Kedi Gözü Sendromu Tedavisi
Kedi gözü sendromu, kalıcı bir kromozom değişikliğinden kaynaklandığı için tedavi edilemez. Ancak semptomların çoğu tedavi edilebilir.
Çocuğunuzun vücudunun farklı bölgelerinde ve sistemlerinde semptomlar olabileceğinden, onları tedavi etmeye yardımcı olacak bir doktor ekibine ihtiyacınız olacaktır.
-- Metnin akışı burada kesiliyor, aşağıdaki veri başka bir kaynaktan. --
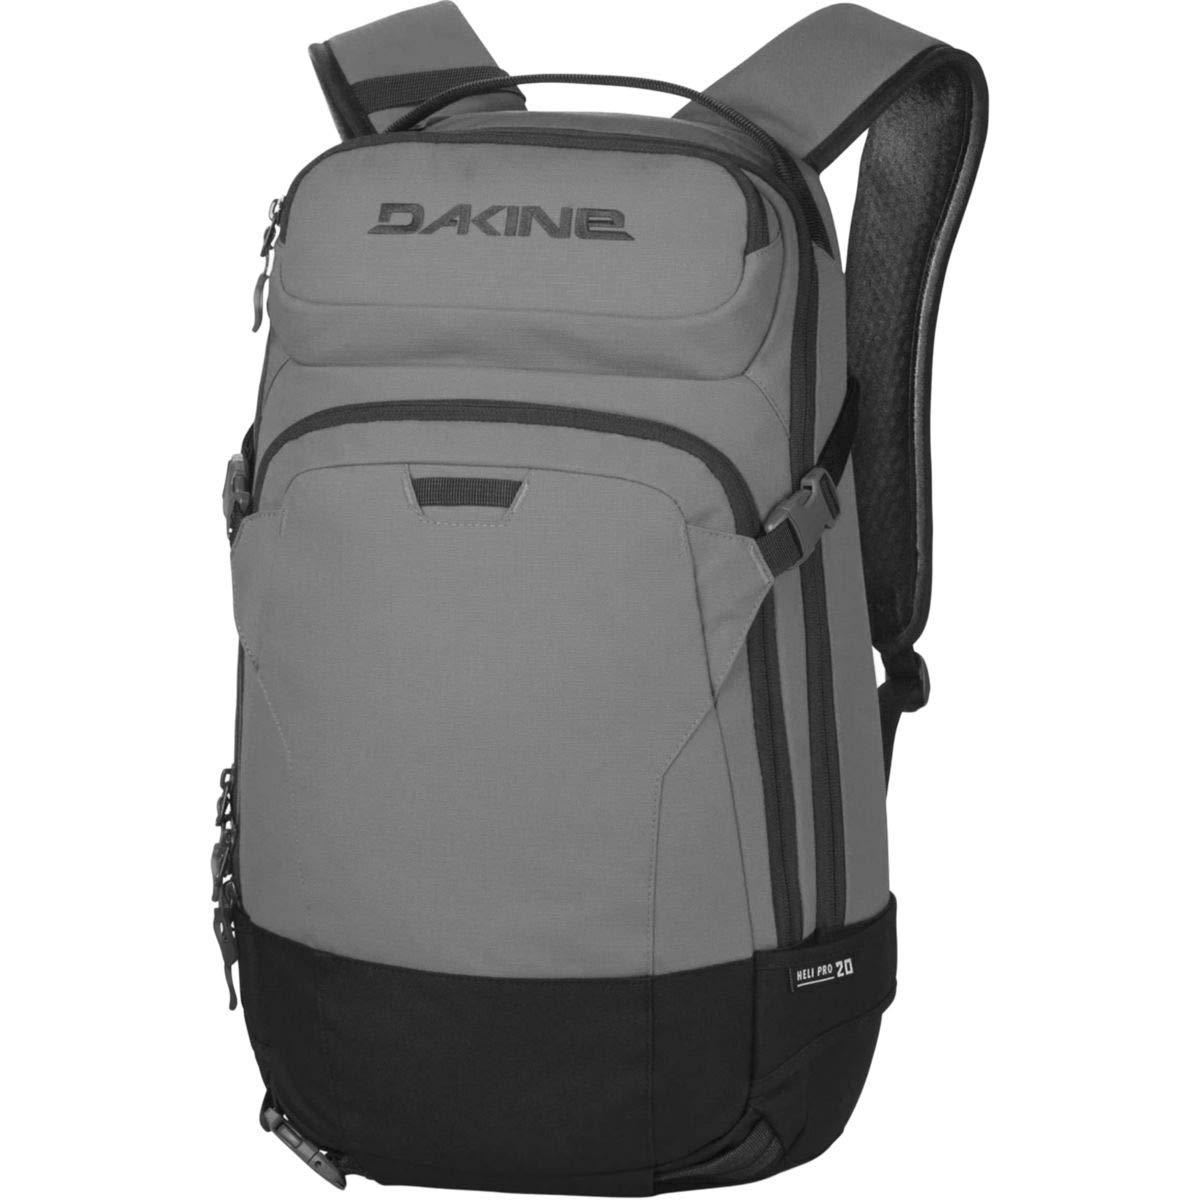 c08c5ba6140c Amazon.com   Dakine Heli Pro Backpack   Sports   Outdoors

Tedavi şunları içerebilir:
- Kalp, bağırsak, iskelet veya yarık damak problemlerini düzeltmek için cerrahi işlem
- Büyüme sorunları için hormon tedavisi
- Gecikmiş motor beceriler için fiziksel terapi
- Konuşma sorunları için konuşma terapisi
- Öğrenme güçlüğü ile başa çıkmak için özel eğitim
Kedi gözü sendromu herkesi farklı şekilde etkiler. Çocuğunuzun uzun vadeli görünümü, semptomlarının ne kadar şiddetli olduğuna bağlıdır.